U.S. v. Hughes(continued) The defendant made admissions and offered to produce the requested tapes and DVDs. When further asked to sign a consent to search form, the defendant asked what would happen if he refused. M.S.P. responded that, regardless of whether he consented, M.S.P. was “probably” going to take the items with them. Following this exchange, the defendant signed the consent. The defendant was subsequently handcuffed and involuntarily committed.
U.S. v. Hughes(continued) The defendant moved to suppress the evidence, claiming that he had been subjected to a custodial interrogation without the benefit of Miranda warnings, that M.S.P. had exploited his mental condition and had coerced his consent to the search. His motions were denied.
U.S. v. Hughes(continued) Held on Appeal: Analyzing the objective circumstances of the interrogation, including the familiar or at least neutral surroundings, the number of LEOs, the degree of physical restraint and the duration and character of the interview, the Court found that the question of whether the defendant was in custody at the time of the “knock and talk” was “admittedly close” but upheld the district court’s factual findings against custody.
U.S. v. Hughes(continued) Under the totality of the circumstances, the defendant's statements were not involuntary. There is no evidence to suggest that law enforcement exploited his mental or emotional fragility. There were no inducements or threats. Nothing was done or said to lead the defendant to believe that his continued stay at home was contingent upon his cooperation with the investigation.
U.S. v. Hughes(continued) Evidence found on the defendant's laptop computers was admissible pursuant to the inevitable discovery doctrine. The court declined to address the claim that the consent to search was involuntary, instead finding that there was probable cause for a search warrant and stating that “this is a classic case for application of the inevitable discovery doctrine.”
U.S. v.

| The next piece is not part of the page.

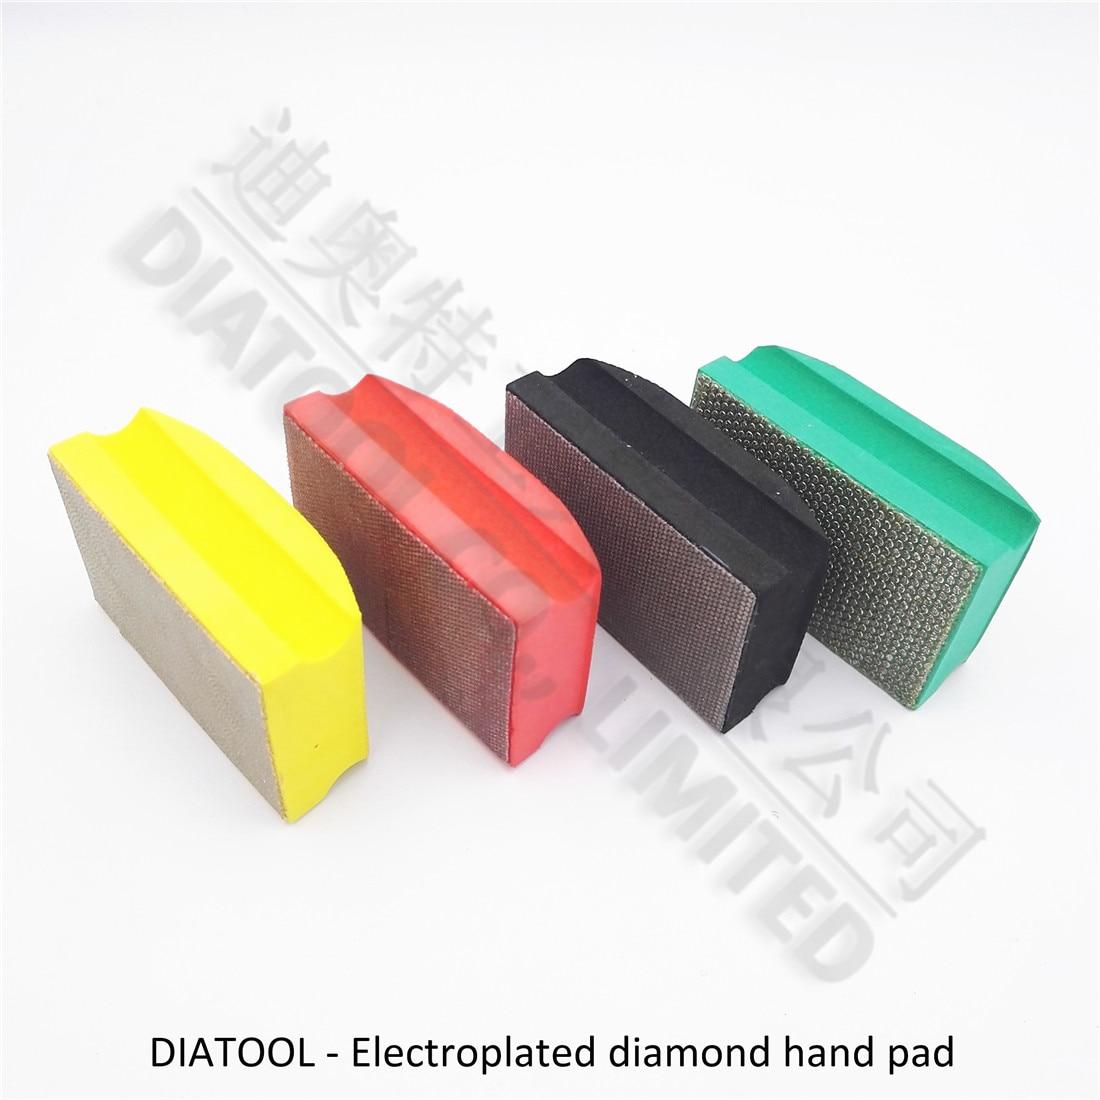 DIATOOL 2pcs Dotted Electroplated Diamond Hand Polishing Pad 90X55MM Hard Foam-backed Hand Pad

Reynolds---F.3d---, 2011 WL 1844220, C.A. 1 (Me.), May 17, 2011 Pertinent Facts: LEOs responded to a residence upon an individual’s request to have the defendant removed. The complainant advised LEOs that the defendant had two unloaded firearms in her possession. LEOs entered the building with the complainant’s consent and proceeded with guns drawn to the defendant’s bedroom.
U.S. v. Reynolds(continued) The LEOs knocked on the door and were told by the defendant to come in. One LEO asked the defendant if she had any guns, to which she answered “Yes” and pointed to the headboard. Two guns were then found in a compartment in the headboard.
U.S. v. Reynolds(continued) The defendant was ultimately charged with possessing two firearms after having been committed to a mental institution and possessing a firearm with an obliterated serial number. The defendant moved, inter alia, to suppress the evidence, claiming that she had not consented to the search of the headboard. Rather, she had merely affirmed the existence of the firearms. Her motion was denied.
U.S. v. Reynolds(continued) Held on Appeal: Implied Consent: “By pointing to the headboard in response to the officer’s question asking whether Reynolds had any weapons, Reynolds demonstrated that she knew the officer intended to find the firearms.”
U.S. v. Reynolds(continued) Voluntariness: “[U]pon consideration of the totality of the circumstances, there was no showing that Reynolds’ will was overborne by overtly coercive police conduct.” No evidence was presented that defendant was mentally incompetent when she gave consent to search to the officers. Mental illness is one factor of many a court must consider in evaluating the voluntariness of a statement.